# Aeropress adventures



## BebeShanghai (Mar 28, 2018)

Still waiting to acquire the shiny shiny stuff and Niche grinder but in the meantime my trusty Aeropress and somewhat dodgy Porlex grinder (possibly a Chinese counterfeit!) are my main setup and have accompanied me to some interesting places.

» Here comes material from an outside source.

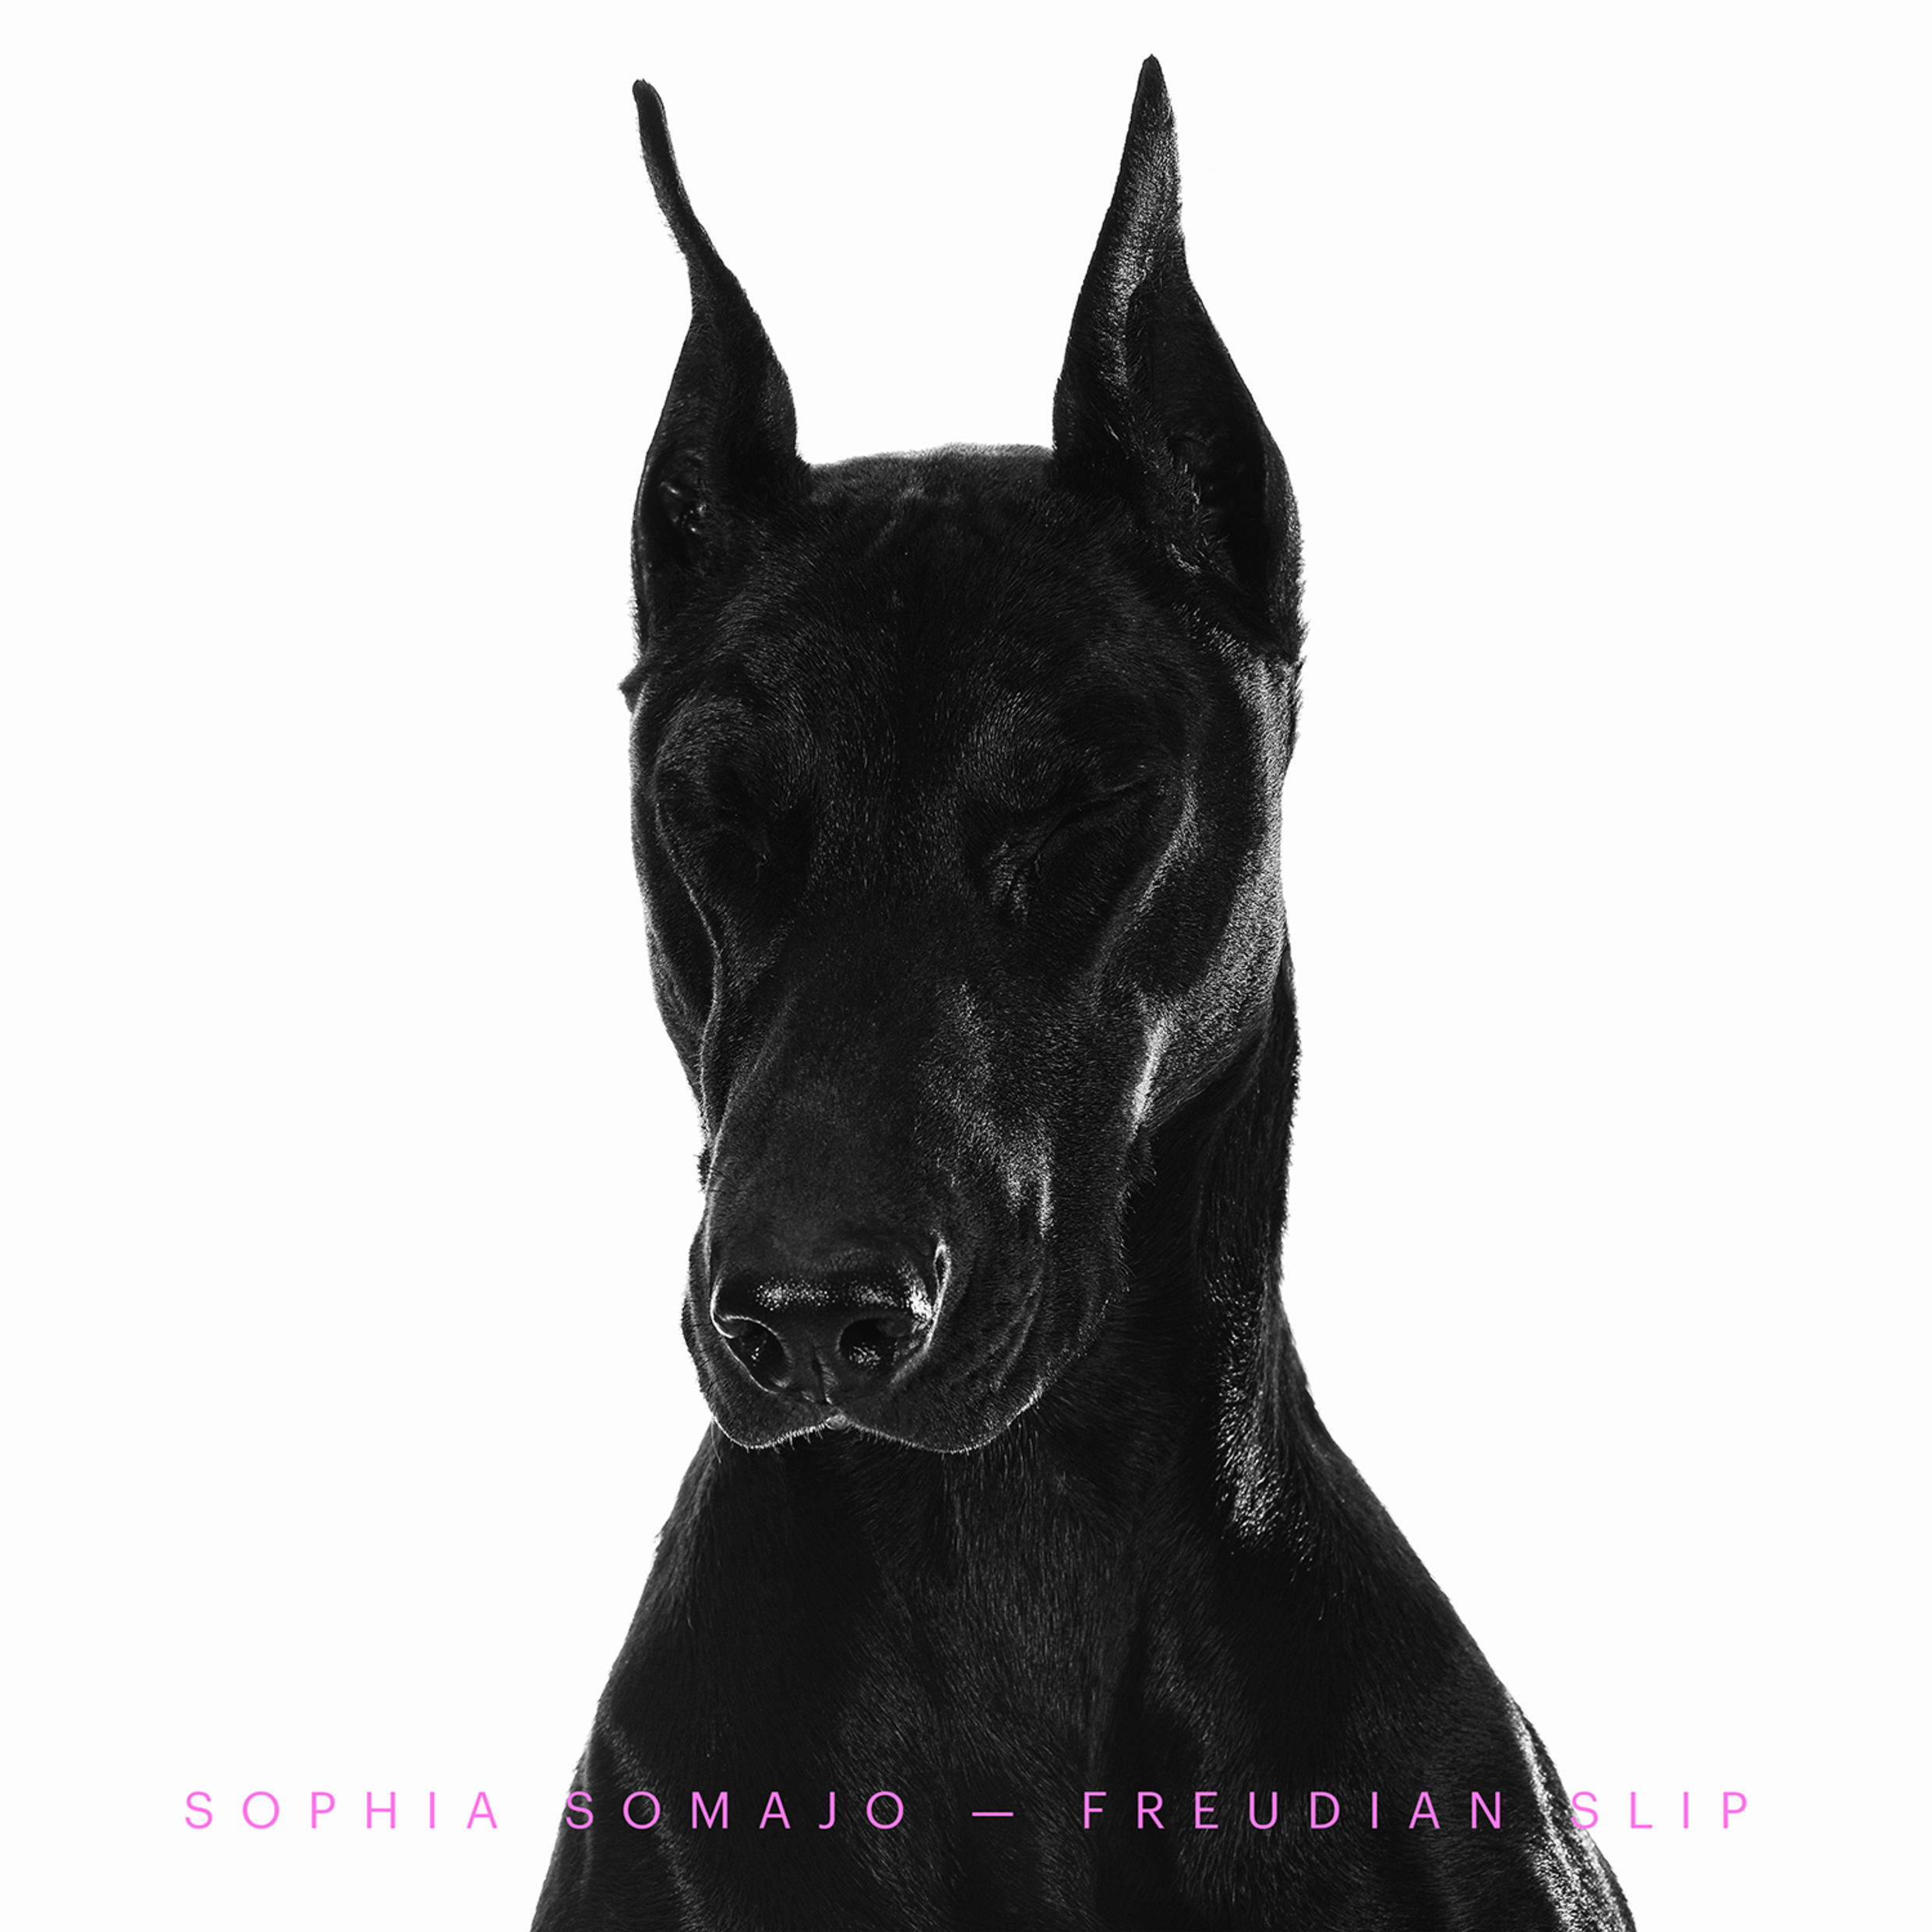 Sophia-Somajo-Freudian-Slip-2017-2480x2480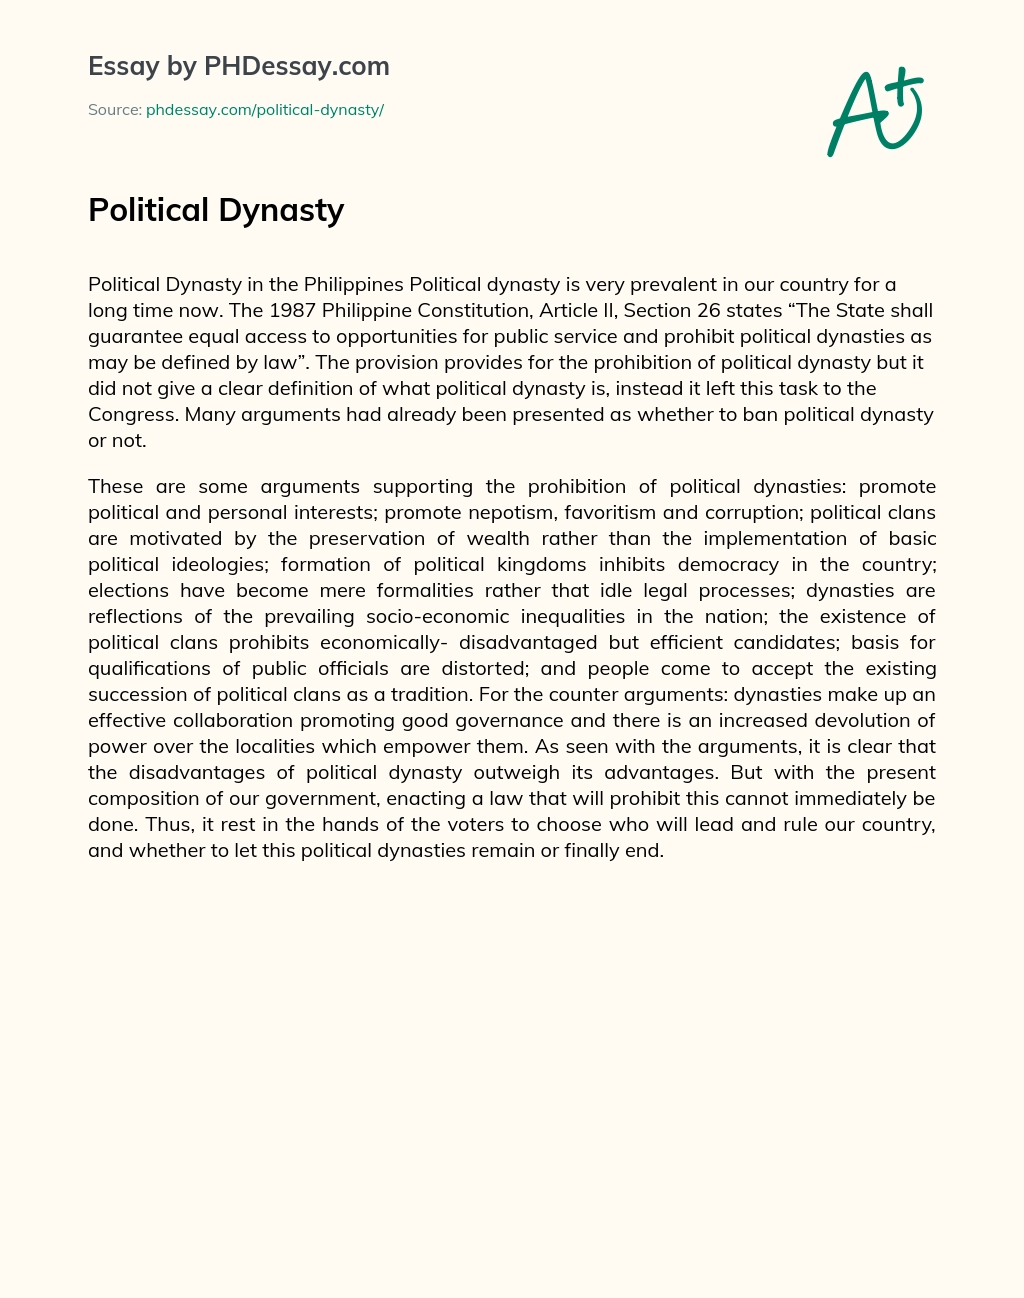 Political Dynasty essay

This is a few hundred metres from Everest Base Camp in Tibet: beans roasted by Hoi An Roastery in Vietnam, brewed with water heated on a yak dung fire.

Unforgettable!


----------



## Graham J (Jul 27, 2018)

Love it - what a view! Suppose you can always brew up some yak dung if things get desperate...


----------



## Banjoman (Apr 18, 2017)

Perhaps you could get the yak to eat some coffee beans, then have a rummage through its dung afterwards. I wonder if there might be a market for that - just a thought


----------



## Paul K (May 11, 2018)

There is already. Its called Bei & Nannini and the Yak dung will taste better


----------



## JIMFISH (Jun 10, 2018)

That is a cracking view. Bet that coffee tasted good


----------



## Pj8040 (Jan 26, 2017)

Great view


----------



## dannoceti (Oct 15, 2018)

Nice, I think I need an Aeropress.


----------



## Aeroquaff (Oct 21, 2018)

Excellent. I have an Aeropress and porlex combo for my own travels, albeit I haven't, as yet, made it to Tibet.


----------



## ed_mcdill (Nov 9, 2018)

could just be the ultimate travel combo!


----------



## Samalang (Feb 5, 2019)

Love that you have taken the commitment to everest!


----------